Aprovaram, também, a criação da marca Carris Metropolitana de Lisboa para utilização exclusiva dos serviços públicos de transporte rodoviário de passageiros de âmbito municipal e intermunicipal da Área Metropolitana de Lisboa. 
Nesta reunião foi, ainda, definido o cofinanciamento do Sistema de Transportes pelos municípios delegantes e não delegantes das funções de Autoridade de Transportes na Área Metropolitana de Lisboa, num valor global de 31 milhões 225 mil euros, solicitando-se ao Governo a estabilização deste montante em instrumentos legislativos próprios, para 2020 e anos seguintes.
"O município de Palmela tem estado fortemente empenhado neste processo já que, pelas suas características próprias – a maior extensão da Área Metropolitana de Lisboa, com 465 quilómetros quadrados e povoamento disperso – tem sido dos mais penalizados com uma maior ausência de respostas de transportes e de respeito pelos níveis mínimos de cobertura", disse a autarquia em nota enviada à ADN-Agência de Notícias.
Espera-se, com este pacote de medidas, que implica um forte investimento dos municípios, "fortes vantagens para as populações, a nível económico e, a médio prazo, com um aumento da oferta de respostas, mas também, para os territórios, com ganhos ambientais e de ordenamento, por via da redução das viaturas nas cidades e nas estradas", conclui Álvaro Amaro, presidente da câmara de Palmela.

Autarquias de Lisboa e Setúbal investem 30 milhões 
O presidente da Área Metropolitana de Lisboa, Fernando Medina, anunciou a criação de uma empresa única de transportes em todos os concelhos, com a marca "Carris Metropolitana", que terá passes únicos com o custo máximo de 40 euros. O passe deverá funcionar em todos os meios de transporte da Área Metropolitana de Lisboa. As crianças até aos 12 anos não pagam transporte e, por família, o pagamento total máximo é de 80 euros (dois passes sociais). Dentro do município de Lisboa, os passes vão custar um máximo de 30 euros. 
A partir do início de 2019, a Área Metropolitana de Lisboa vai abrir concursos em lotes para que os operadores privados possam concorrer a operar em determinadas zonas, mas terão de o fazer sob a marca "Carris Metropolitana".
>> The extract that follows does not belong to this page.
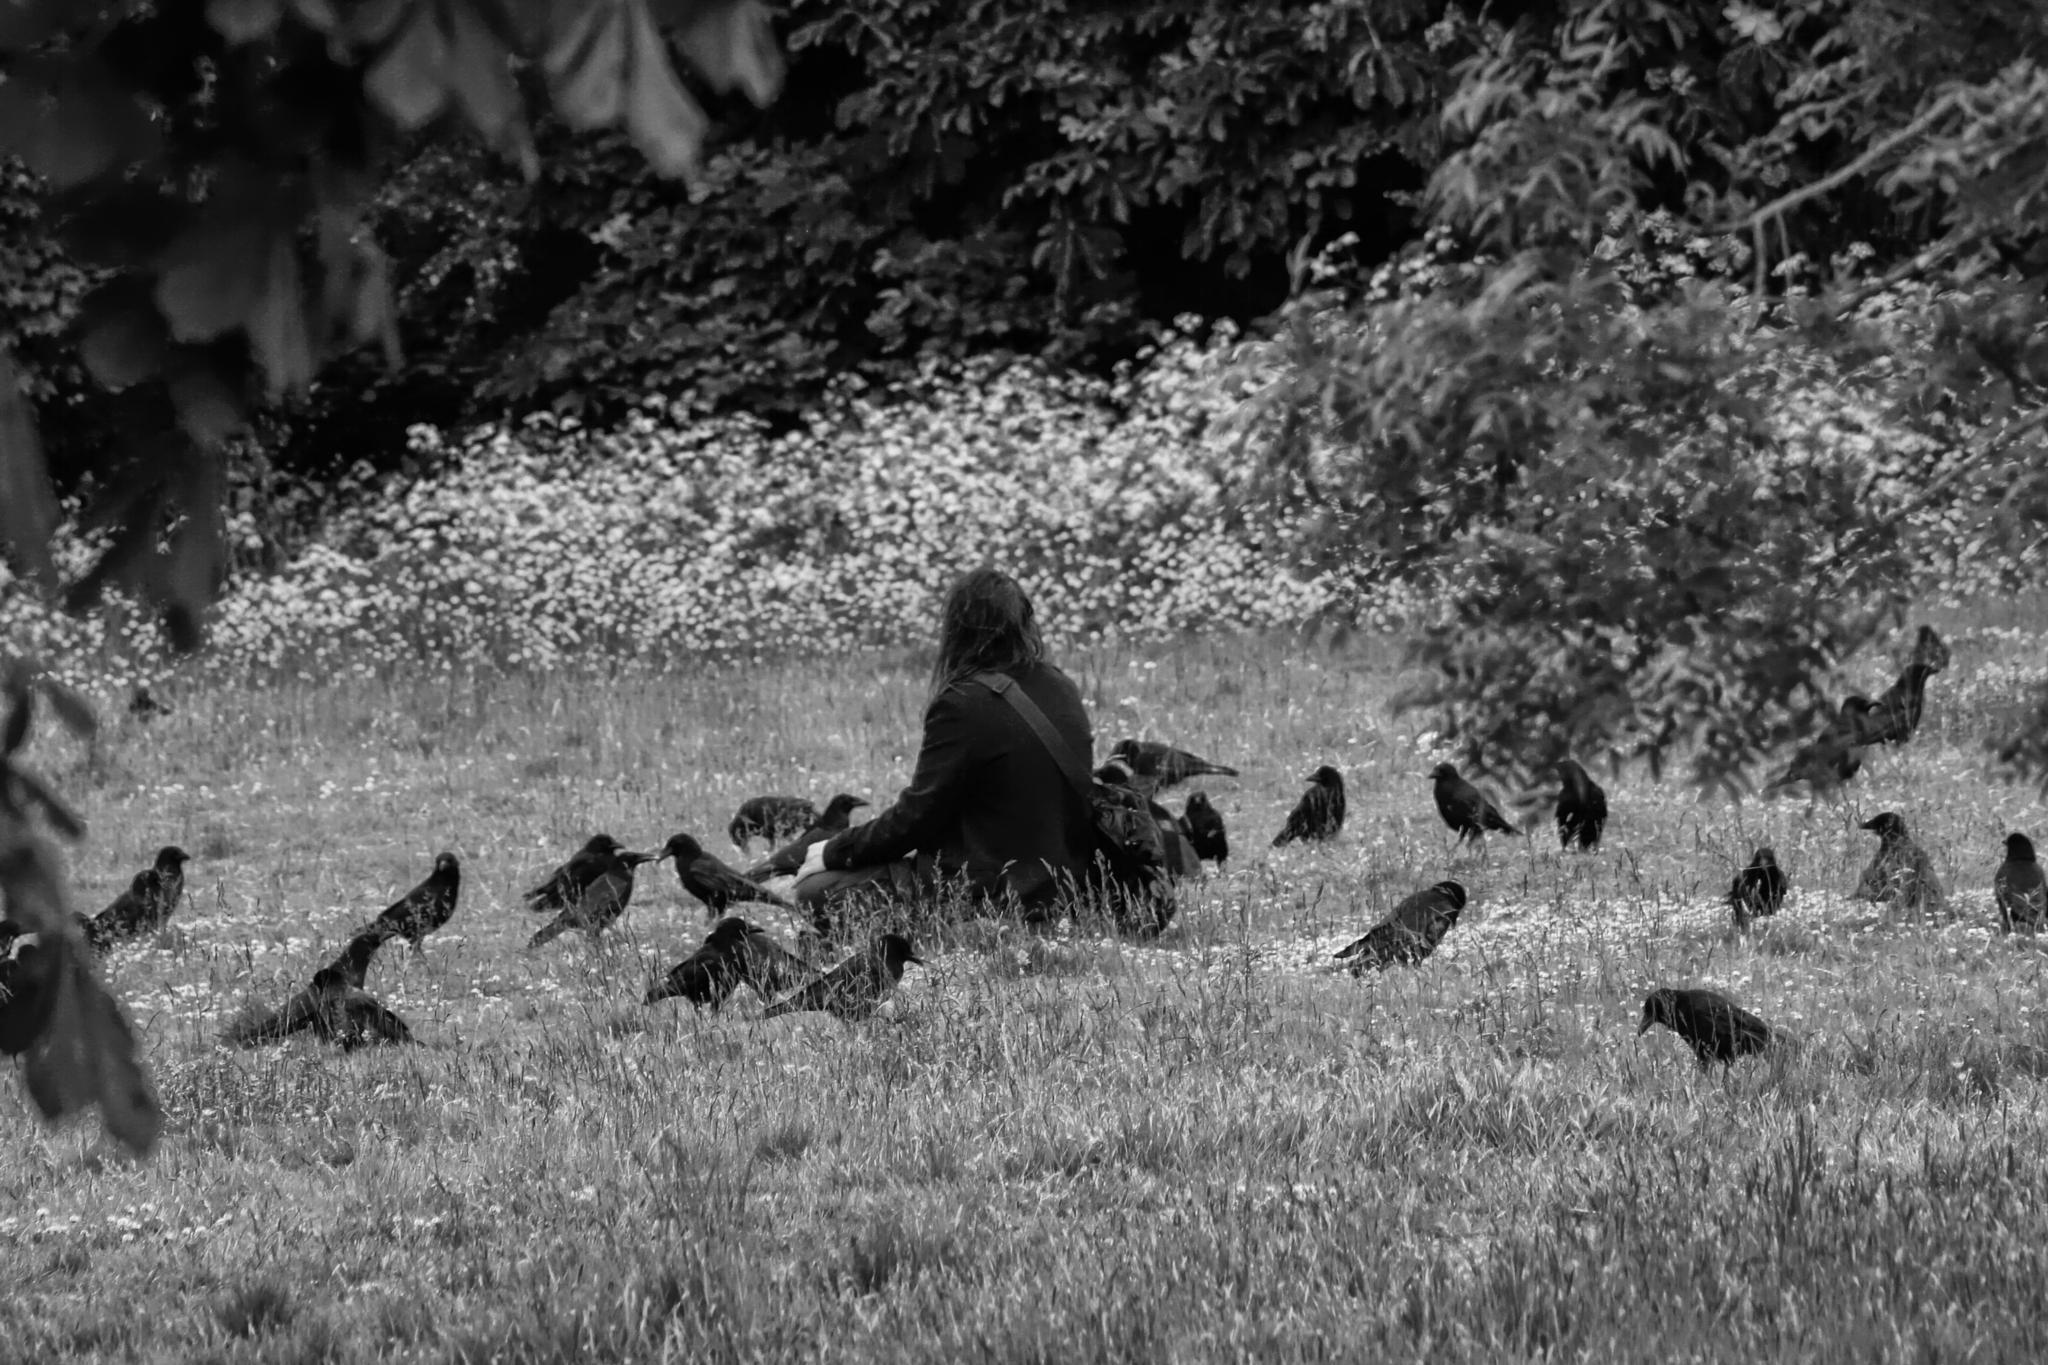 Crow Whisperer by Mark Winstanley

"As referências dos autocarros são únicas, mas depois as empresas operadoras poderão ser diferentes", explicou Fernando Medina.
Nos próximos meses, segundo Fernando Medina, decorrerão negociações para que o novo sistema abranja operadores como a CP e a Fertagus.
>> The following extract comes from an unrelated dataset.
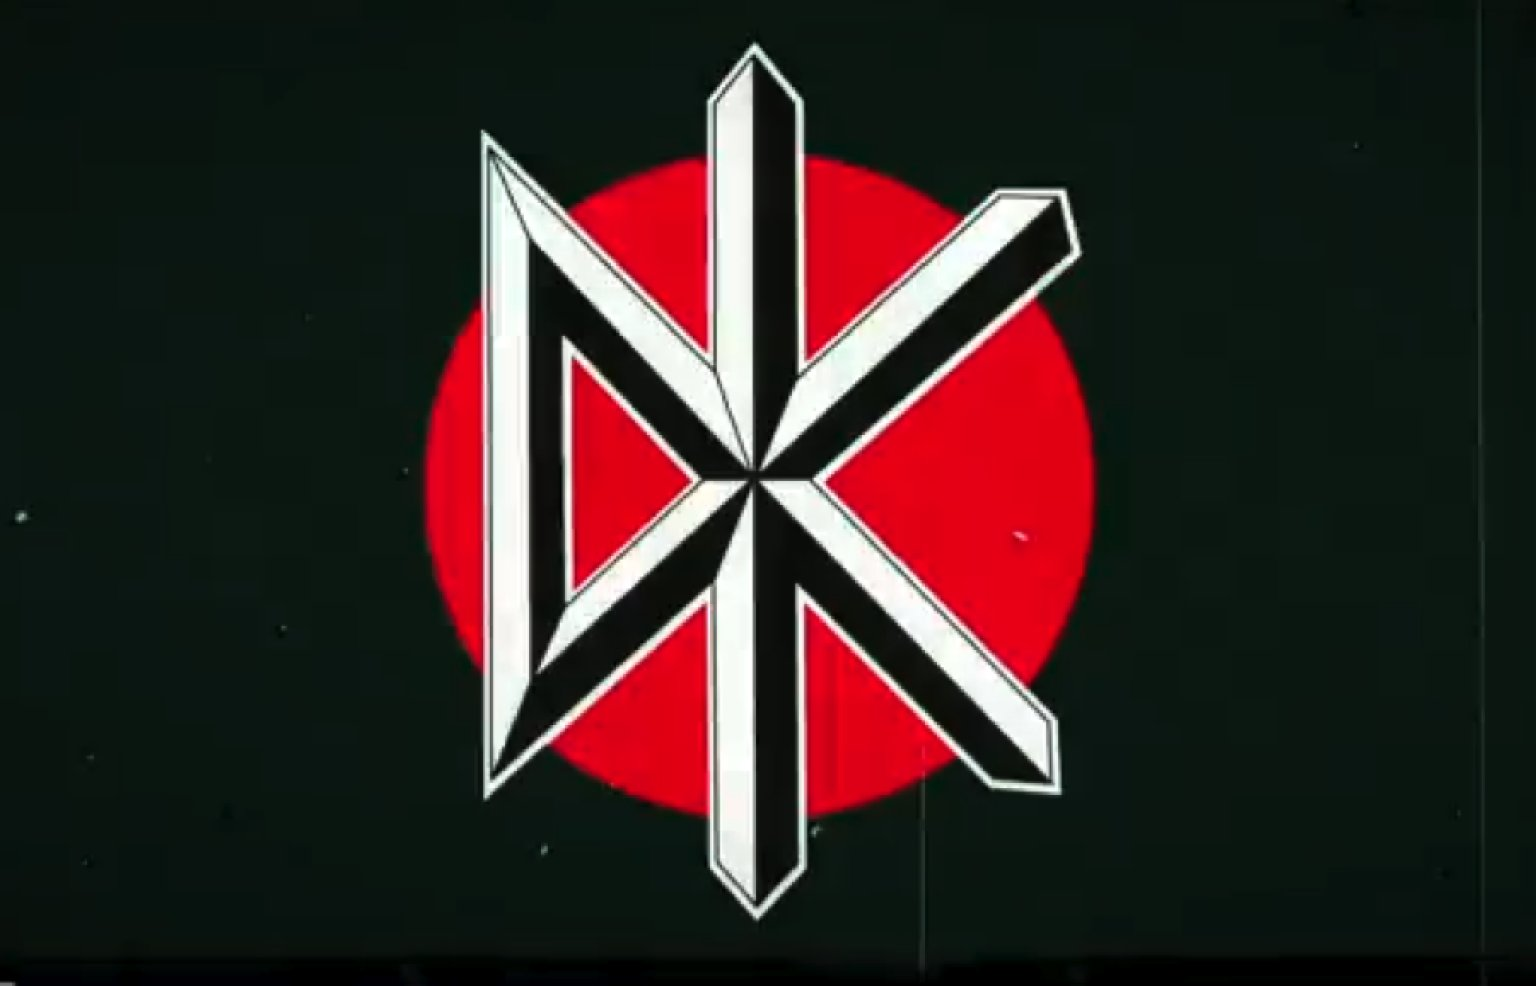 Dead Kennedys Amp The Art Of Punk Mocatv Series Spotlights

Fernando Medina destacou que estas medidas hoje aprovadas "por unanimidade e aclamação" pelos 18 presidentes das câmaras da Área Metropolitana de Lisboa foram permitidas pela proposta do Orçamento do Estado para 2019, apresentada na segunda-feira passada.
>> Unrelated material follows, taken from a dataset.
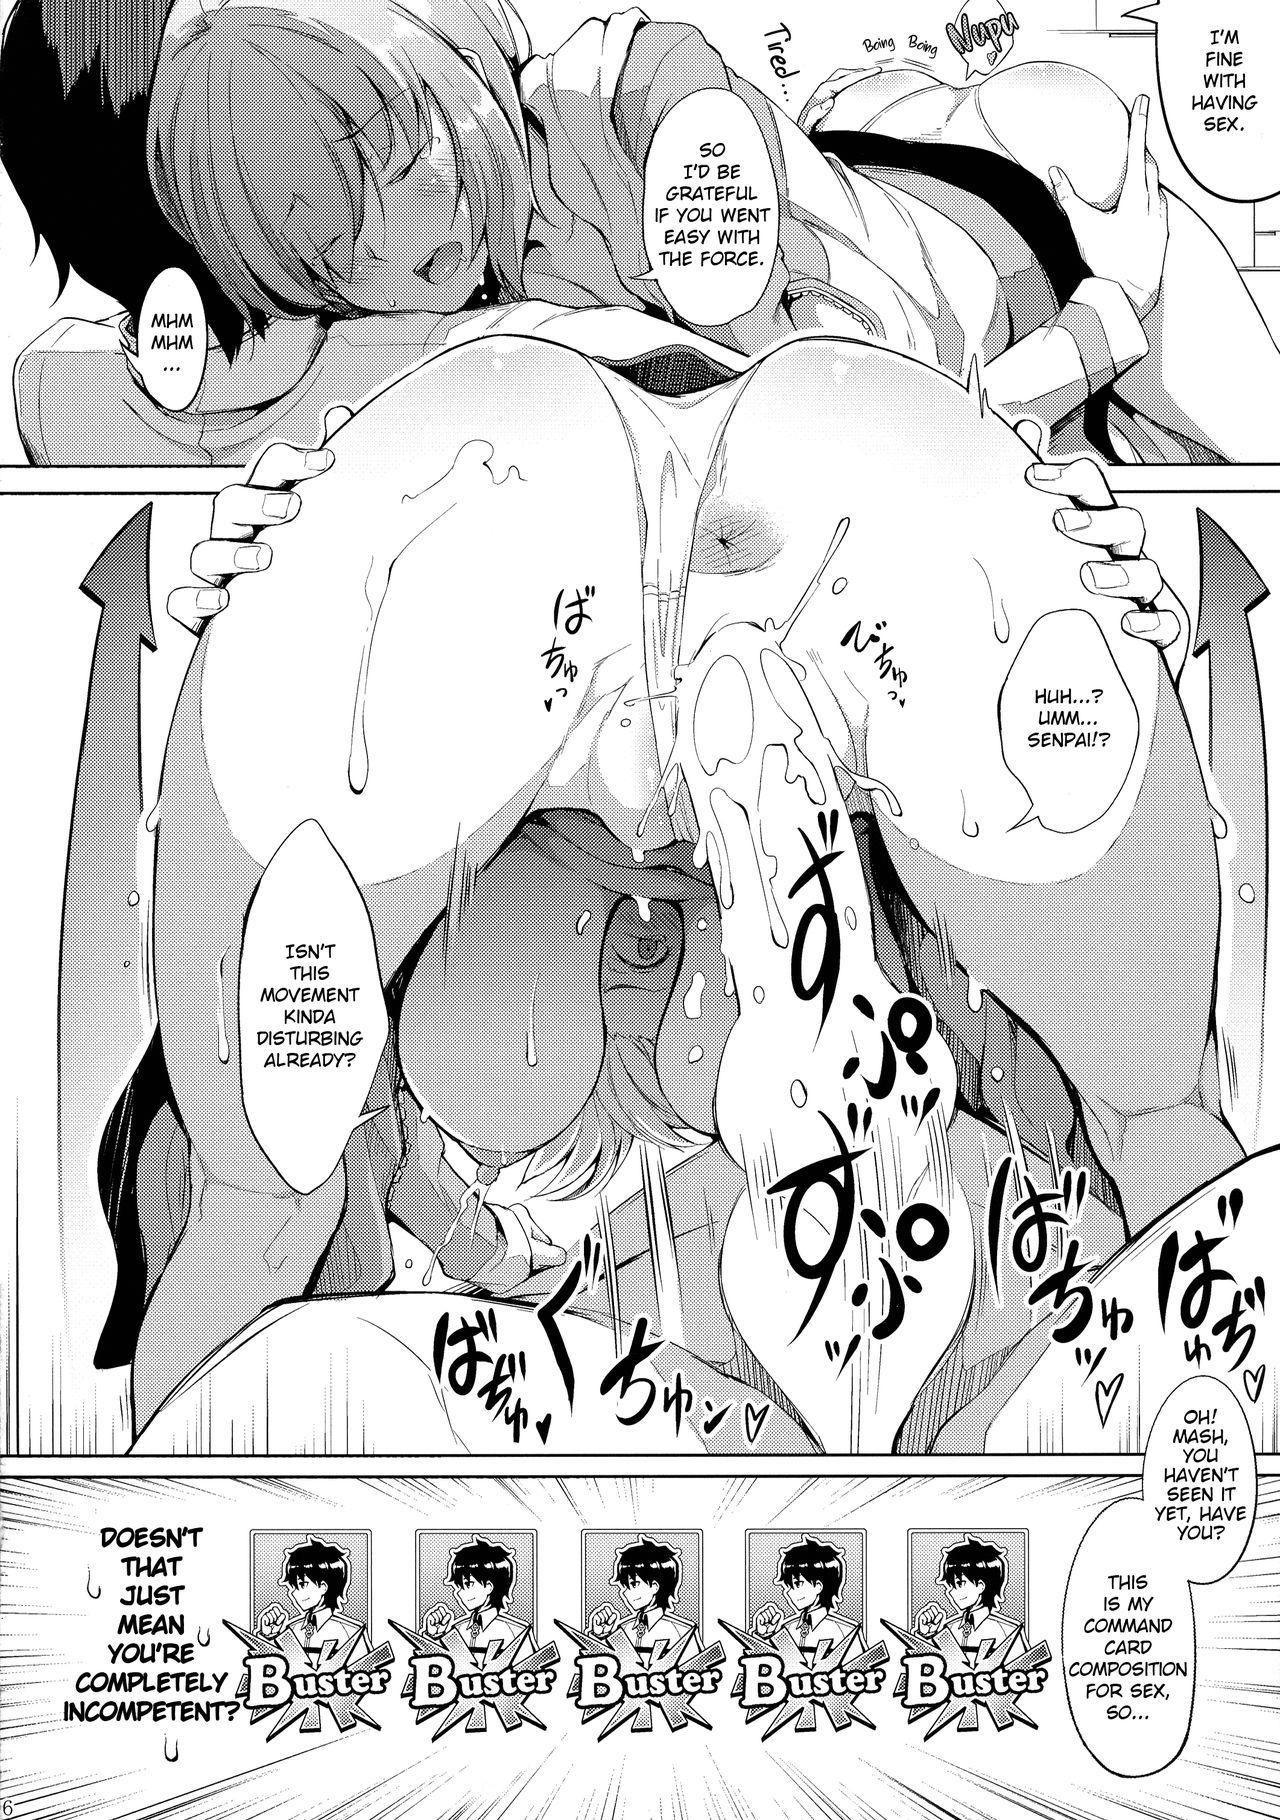 Oppai wa Daini Skill no Aji ga Suru | Boobs Taste Like the Second Skill 17

Na proposta do orçamento de estado, o Governo propõe-se financiar a progressiva redução do preço dos passes dos transportes públicos em todo o país com 83 milhões de euros.
O relatório da proposta de lei do orçamento explica que, desse valor, “será destinado, num mínimo de 60 por cento, a aplicar à redução dos tarifários aplicados, nomeadamente a redução do preço dos passes, a criação de passes família e a gratuitidade do transporte para menores de 12 anos, devendo a parte remanescente ser destinada à melhoria da oferta e à extensão da rede pública”.
Fernando Medina estimou que, para as áreas Metropolitanas (Lisboa e Porto), “a transferência do Governo deve andar na casa dos 50 milhões de euros”.
De acordo com Medina, os concelhos da Área Metropolitana de Lisboa acordaram investir 30 milhões na melhoria do sistema de transportes, distribuídos ponderadamente consoante critérios, como o número de população, a área e as necessidades.
O autarca considerou que as medidas aprovadas são "históricas", "inéditas", e agradeceu ao Governo pela "medida revolucionária" para a mobilidade da Área Metropolitana de Lisboa.
A Área Metropolitana de Lisboa é composta pelos concelhos de Alcochete, Almada, Amadora, Barreiro, Cascais, Lisboa, Loures, Mafra, Moita, Montijo, Odivelas, Oeiras, Palmela, Seixal, Sesimbra, Setúbal, Sintra e Vila Franca de Xira.